A good question to ask about any statistical model is: how well does it fit the data on which it's modelled? In this case, one logical measure of fit is the accuracy with which it "predicts" game results. The model I've constructed on the 2006 to 2009 seasons predicts 67.4% of all games correctly.
An even better question to ask of a model is how well it predicts the outcomes of games that were not used in its construction. To answer this I've used the model to retrospectively predict the outcomes of all 185 games in the 2005 season using information about each team's MARS rating at the time the game was played and information about the venue type. The model correctly predicts 64.1% of games, which is a slightly poorer performance than the model recorded for the games on which it was constructed, but which is still very acceptable. It's typical that, much like a fortune-teller, a model will perform less well prognosticating about things it doesn't already know than about things it does, but the key issue is how much worse it does and is that "worse" still any good. Predicting around 64% of matches is my kind of worse.
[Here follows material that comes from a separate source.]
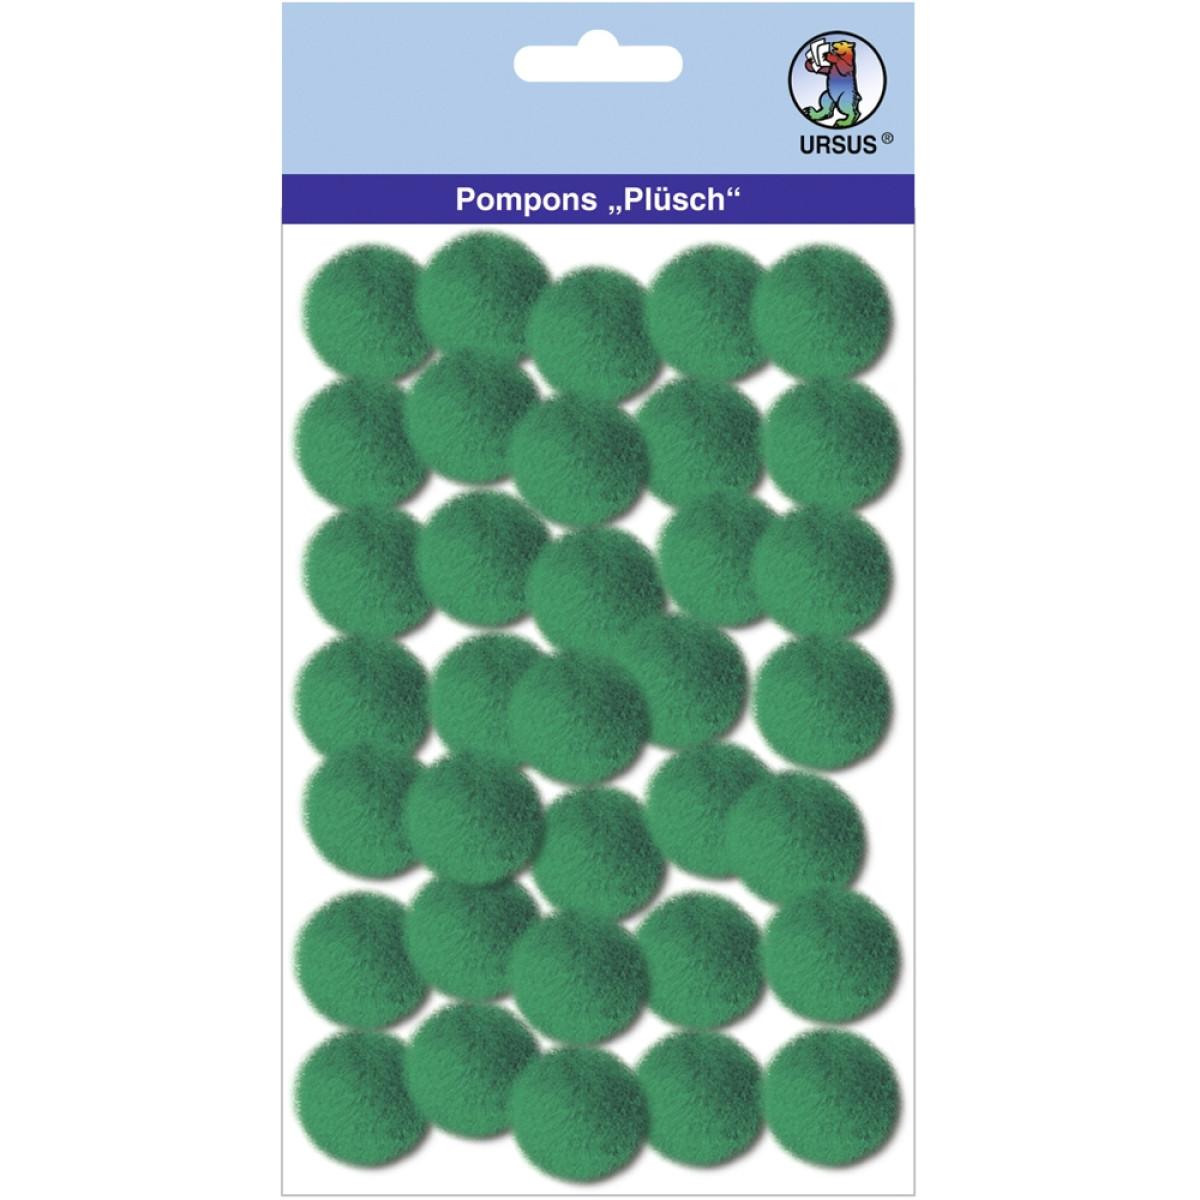 "Pompons ""Plüsch"" 25 mm dunkelgrün"
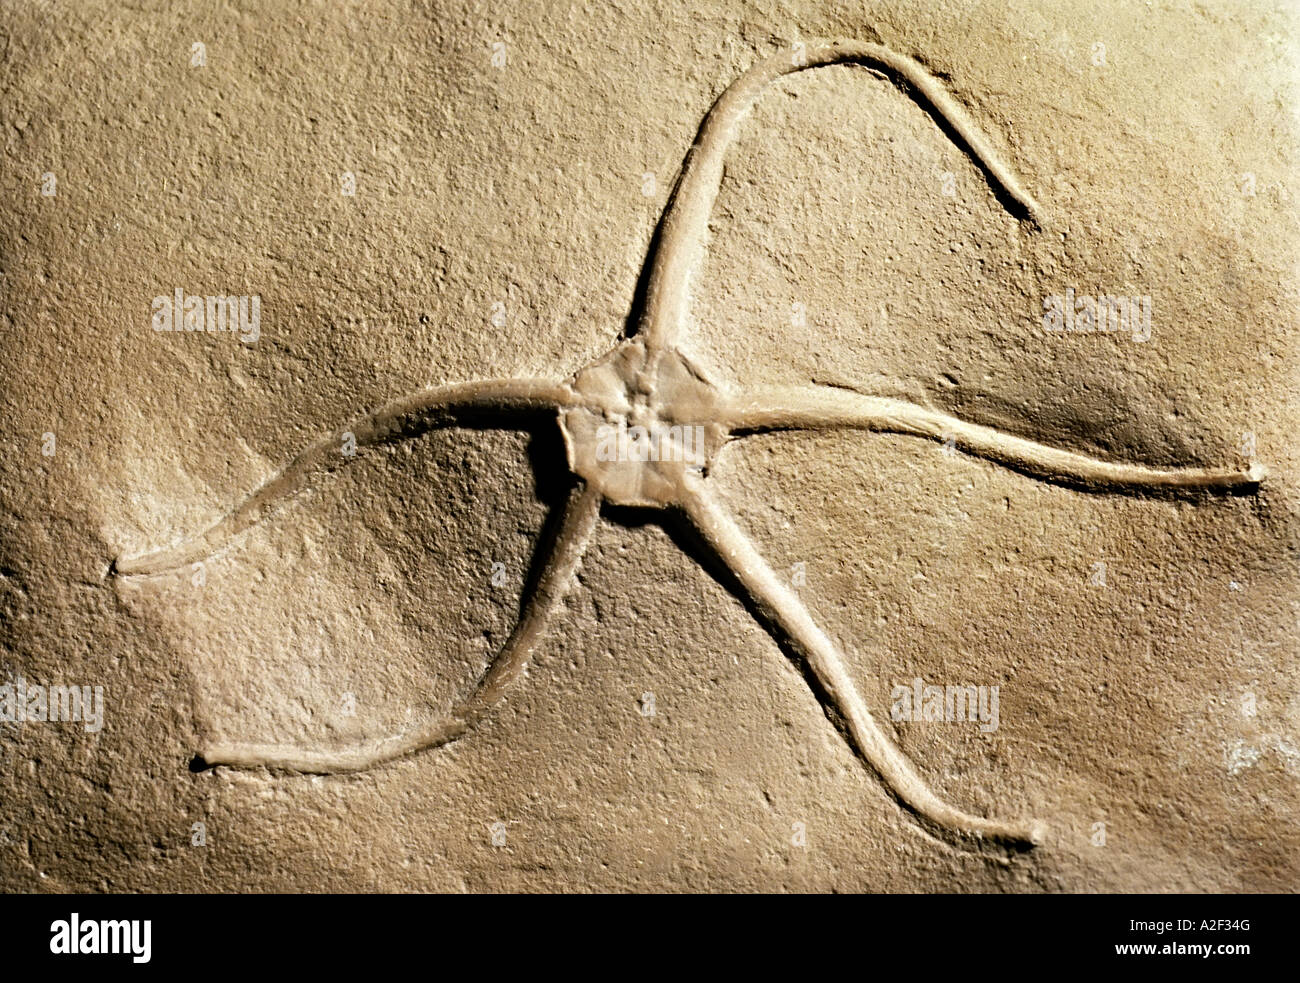 Brittlestar starfish fossil - Stock Image

So, the model seems to do a reasonable job at predicting outcomes.
Knowing that we can turn our attention to the upcoming season and answer two far more interesting questions:
1. How many games do we expect each team to win in season 2010 given the actual 2010 draw?
2. How would this differ if each team had a fully balanced (ie all-play-all home and away) draw?
The answers to both questions are in this table:
From it we can find out that the Roos are expected to win 8.40 games this year and that this is 0.37 wins more than they could expect if the draw was perfectly balanced, making them the team most-favoured by the draw in 2010. This is despite the fact that, based purely on the (weighted) average MARS Ratings of its opponents, it only has the 8th easiest draw. As I alluded to earlier, what really matters is not the average strength of the teams that you meet, it's how you can expect to convert differences in strength into competition points.
Based on MARS' projections using the actual draw, the Roos are predicted to finish 11th. If, instead, a balanced draw was employed, they'd be expected to finish 12th.
What's surprising to me about this table is how few teams are significantly affected by the imbalance in the draw in terms of ladder positions. The Roos are gifted one spot as are Port Adelaide and West Coast, and the only team to drop position is Essendon, who drop 3 spots. The final eight is unaffected both in make-up and in ordering.
This is because, it seems, the abilities of the teams are so evenly spread that the random imposition of a half-game penalty or the windfall of a half-game bonus here-and-there courtesy of the draw is insufficient to upset the underlying order. Indeed, if you look at the teams' MARS Ratings, the smallest gap is about one-half a ratings point and it's between Port Adelaide and the Roos, both of which teams are advantaged by the draw to the tune of about 0.37 games. As such, the underlying team ratings prevail and the higher-MARS-ranked Roos are projected to finish above Port Adelaide even without a balanced draw.
Essendon's draw is so bad and the Roos' is so good that, combined they swamp the 5-point MARS Rating difference between the two teams, dropping Essendon's projected ladder finish below the Roos'.
I still don't like the imbalanced draw but I have to admit that, for this season at least, it doesn't appear that the draw will have a significant effect on who plays in September.